Tucker and Owen, who had accompanied Harry and Susan, got their paws wiped before entering the house. Tucker wiggled with happiness—in part because she could go home and lord it over Pewter, expressly not invited.
As they entered the front door, Trudy called out, “In the kitchen.”
The four creatures walked down a wide center aisle to the rest of the house. The kitchen sparkled. Ginger and Trudy had lavished attention and money on a colonial kitchen with a walk-in fireplace on the western wall. Fieldstone covered that entire wall. The one non-colonial element they had insisted on when they were building the house was a wall of windows. She hated a dark house. So the kitchen, apart from the windows overlooking the backyard, also had two large French doors with paned glass. The kitchen glowed with light at two o’clock in the afternoon.
Trudy put the finishing touches on a tray, on which was a large lemonade pitcher, glasses with polka dots, a china plate filled with peanut-butter cookies, and a smaller plate loaded with dog biscuits.
“Oh, Trudy, you’re the best.” Harry filched a cookie before they even sat down. “The Devil made me do it!”
Susan carried the tray to the kitchen table. Too hot outside. Glad for the company, Trudy chattered about the weather, the ongoing struggles over a proposed bypass, the state’s response to federal guidelines for schools. Trudy’s passion had always been education, and when she and Ginger first married, she had taught at an elementary school until her children were born.
Tucker and Owen sat on either side of Trudy, who fed them a treat now and then. The reward was a love-drenched look.
“Did I tell you the girls drove to Richmond to pick up Adrian?”
Susan bit into a fat-filled cookie. “No. I wondered where they were.”
“Adrian will be here through the next week. He apologized over and over for not coming with Olivia, but I told him I understood. Running a big company has to be both exciting and frustrating.” Adrian Gaston made a fortune by perfecting a special plastic packaging.

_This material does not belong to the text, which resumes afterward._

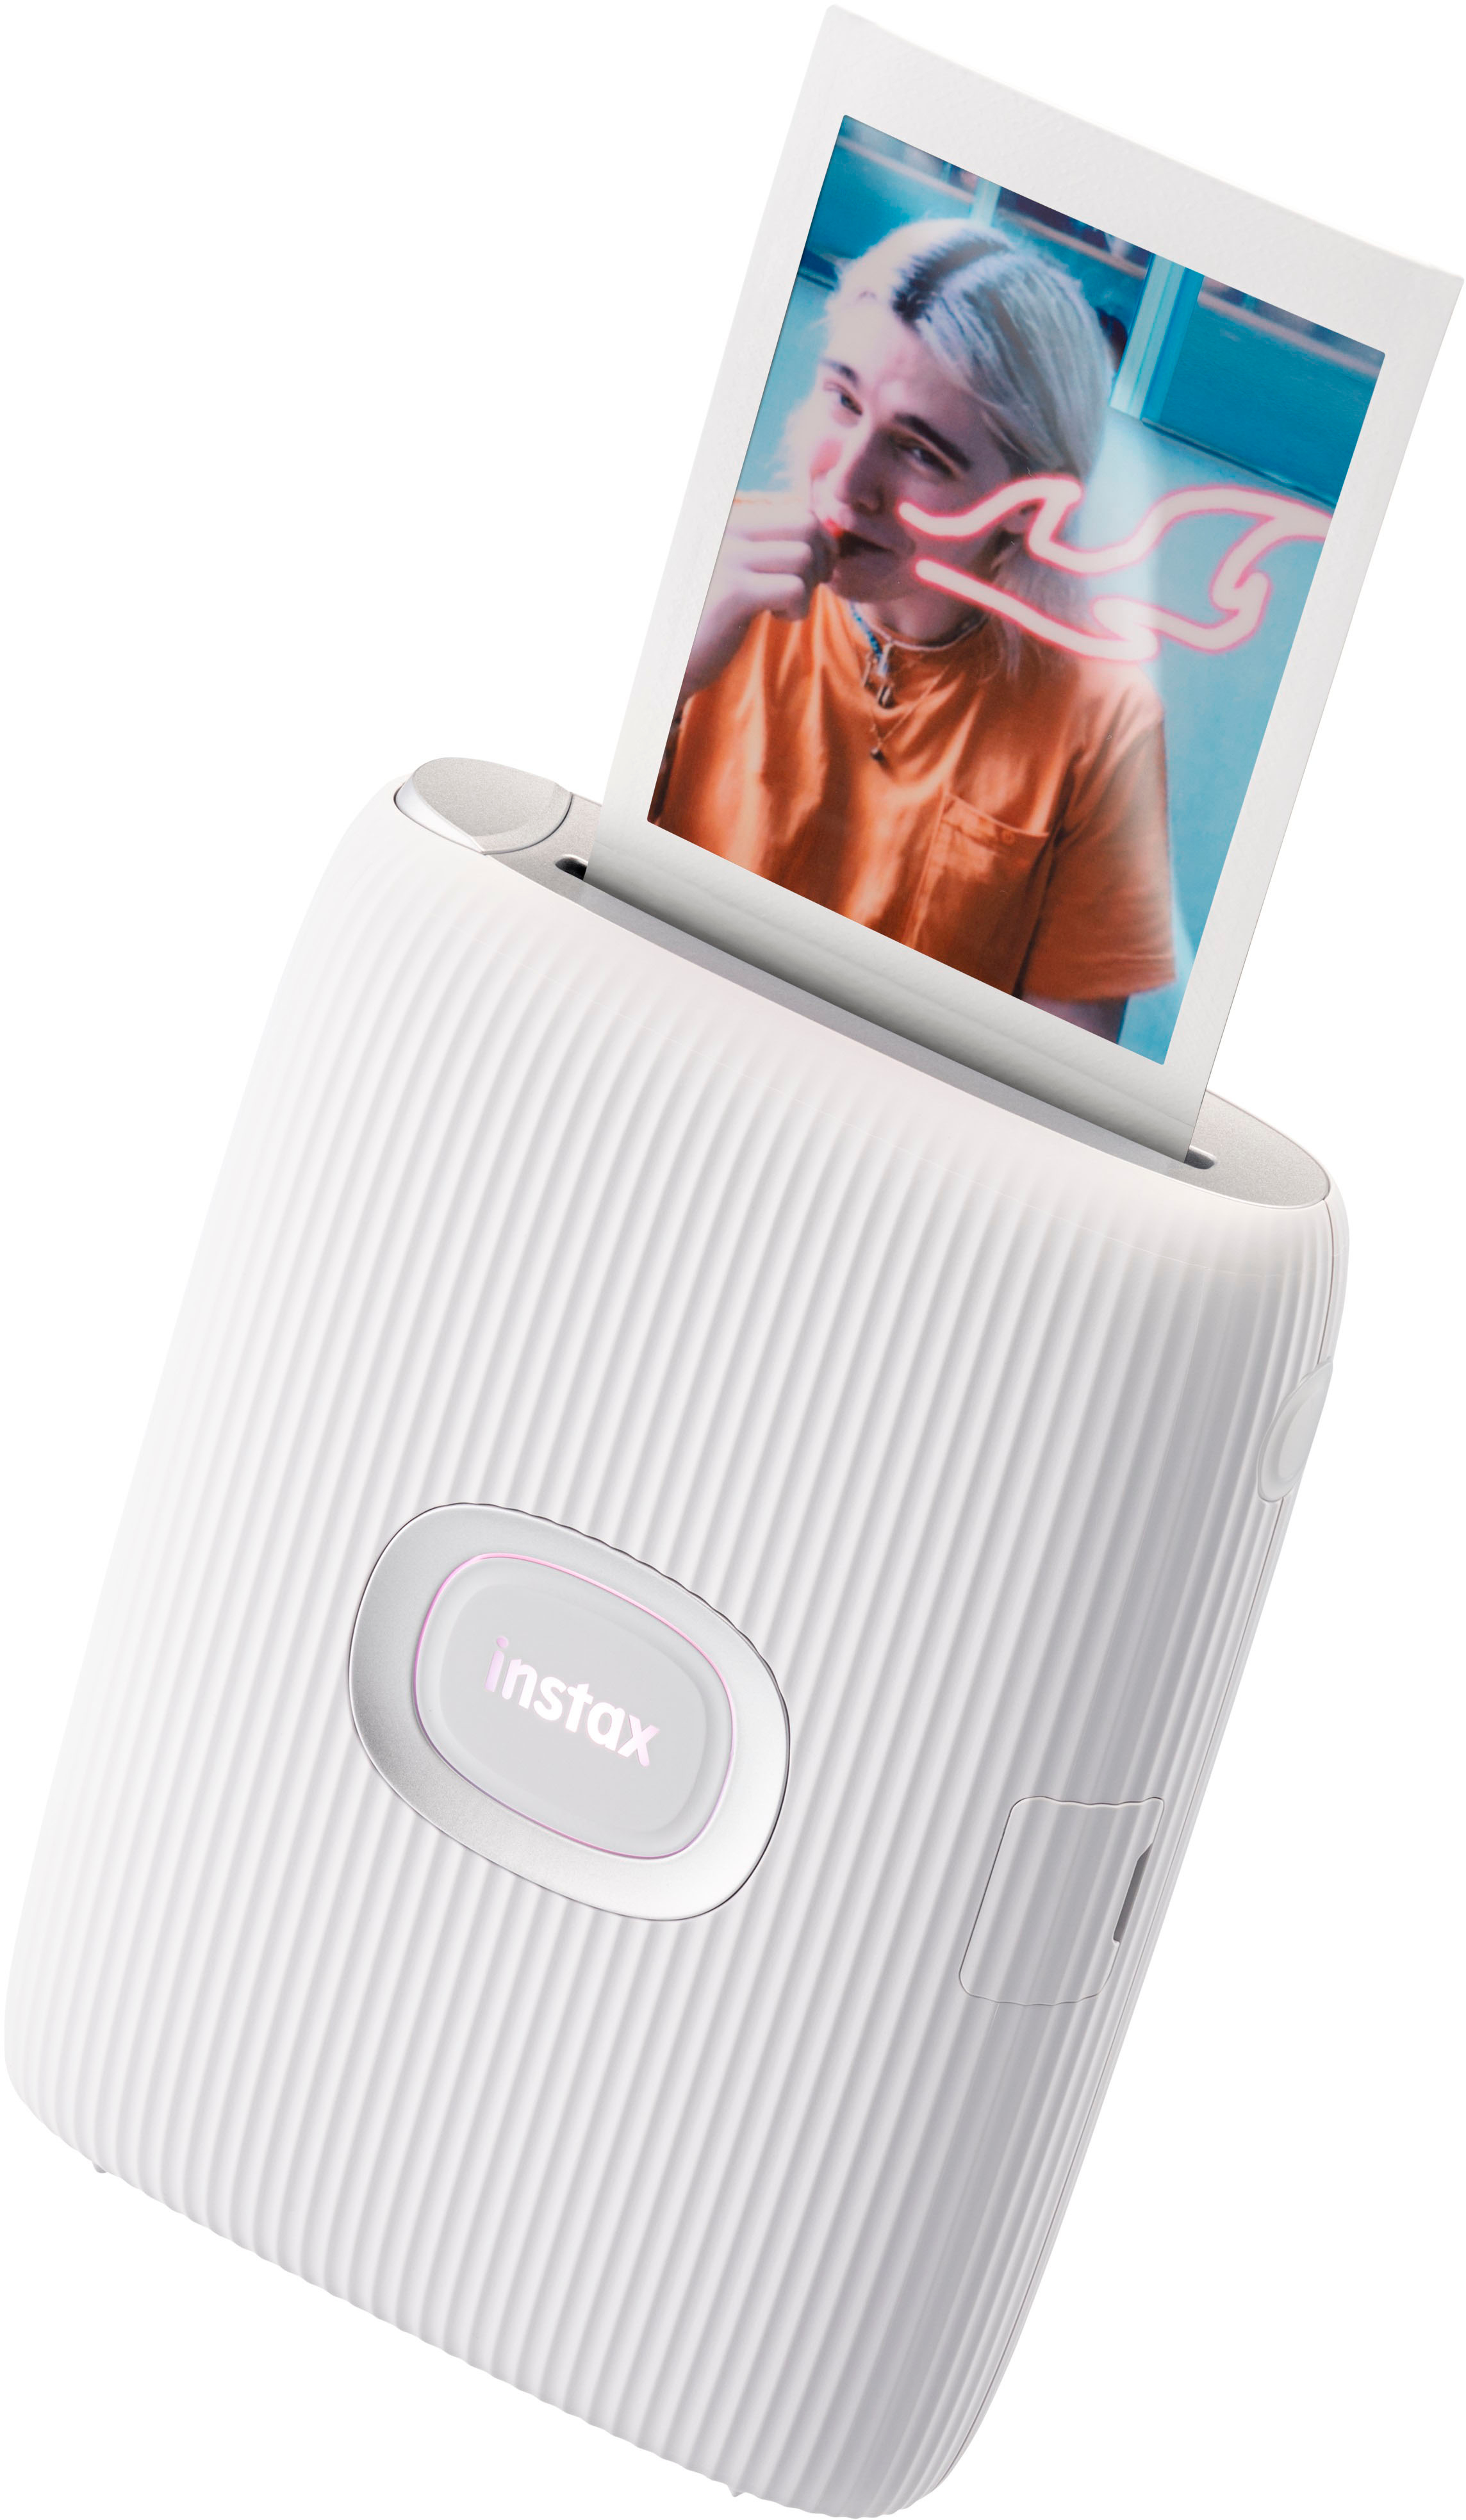 Fujifilm Instax Mini Link 2 Wireless Photo Printer White 16767155 - Best Buy

Starting with two other workers, his factory had expanded to 650. His product was used by almost every food service, shipper, and supermarket in the eastern United States.
“An amazing man.” Harry admired anyone who started their own business, whether it was an artisan cabinetmaker or someone who made it big like Adrian.

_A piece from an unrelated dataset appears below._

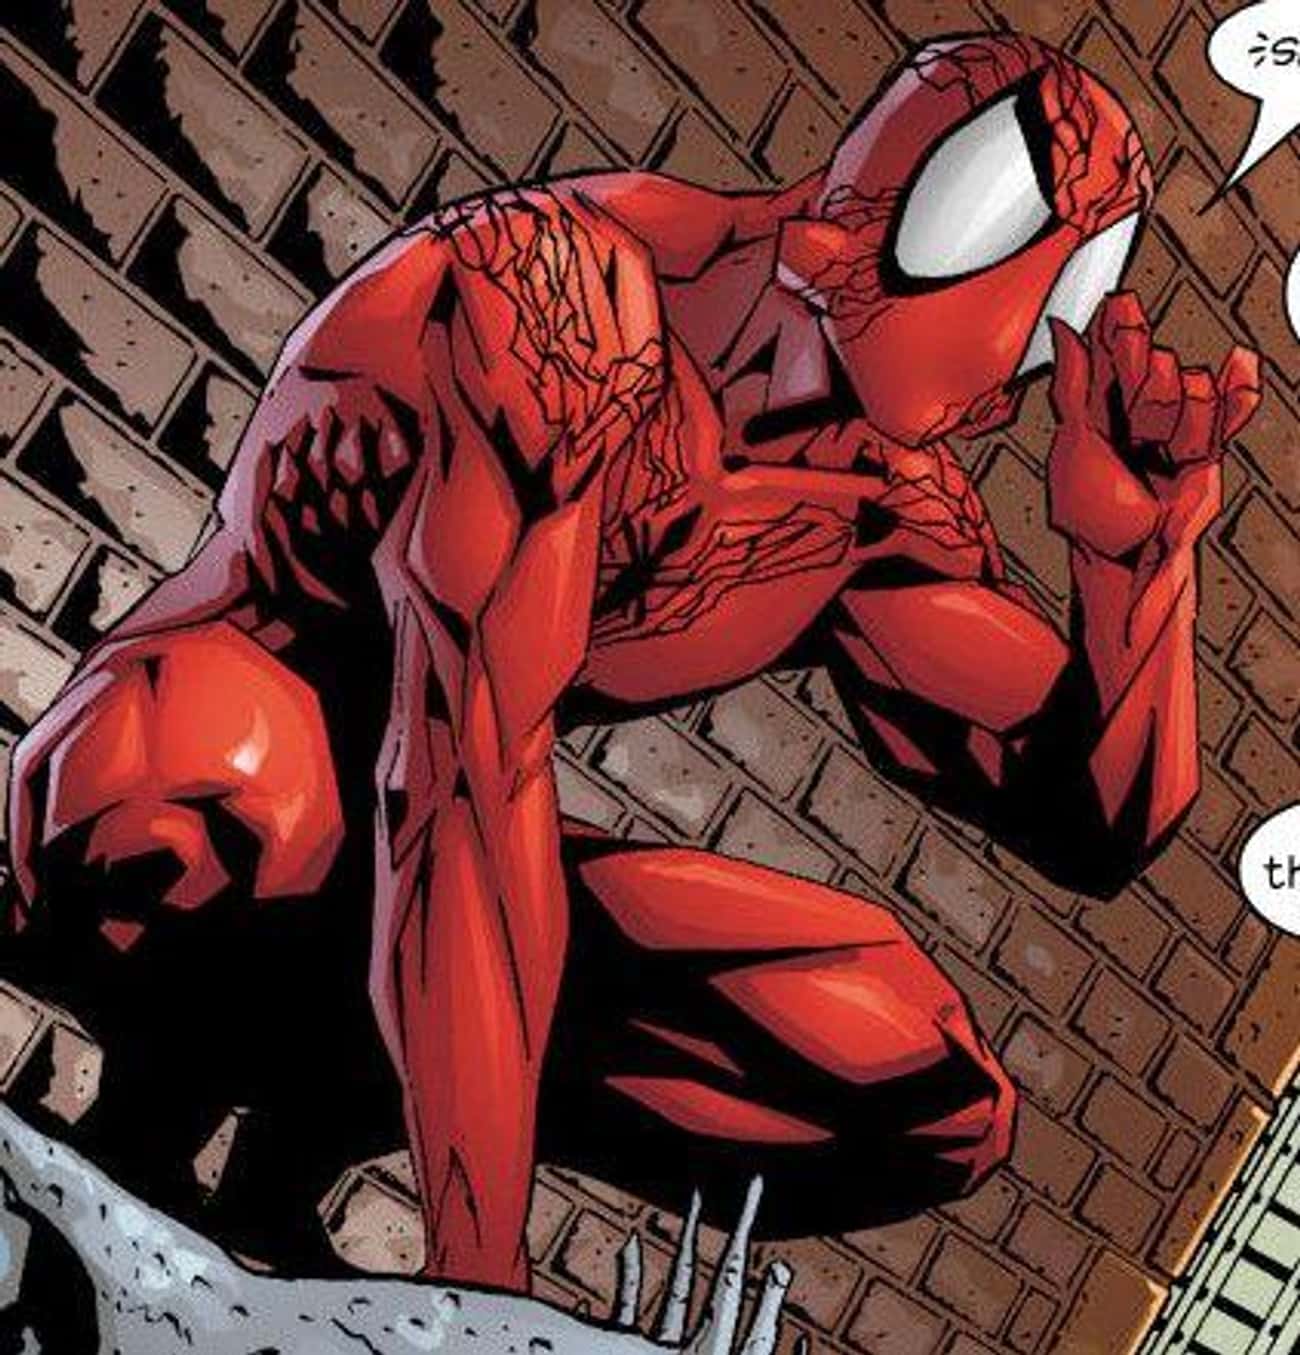 Peter Parker (AKA Spider)

“Olivia.” Trudy paused. “So many gentlemen callers, as my mother would say. That girl would walk into a room and men would trail her like ducklings.” She smiled. “Rennie wasn’t a wallflower by a long shot, but Olivia has that magnetic personality. Well, Ginger had it.”
“In spades.” Susan smiled.
Trudy was solemn for a moment. “Thank you for the crepe myrtles, for spending some time with Olivia, and most of all for not coming around here with long faces just oozing sympathy.”
“It was terrible,” said Susan. “It’s still terrible, but, well—” She considered her words carefully. “People think that’s the right thing to do. And really, how does one express sympathy? You’re such a positive and strong woman, but others need all the props. Maybe I shouldn’t say props ?”
Trudy waved her hand, Tucker and Owen intently focusing on every move just in case any food fell. “For some people, it’s the one time they get to be the center of attention. Their marriage, the birth of their children, and then passing. Personally, I don’t want to be the center of attention.” She stopped then, and with clarity and some volume, said, “What I want is an answer!”
“Yes. Everyone who loved Ginger wants that.” Susan sank in her chair a bit, tired from the physical labor and everything else.
“The sheriff and that nice deputy, your neighbor, Harry, were very sensitive. They asked questions the day he was killed, and they’ve come back. You don’t realize how good a public servant is until you need him or her.”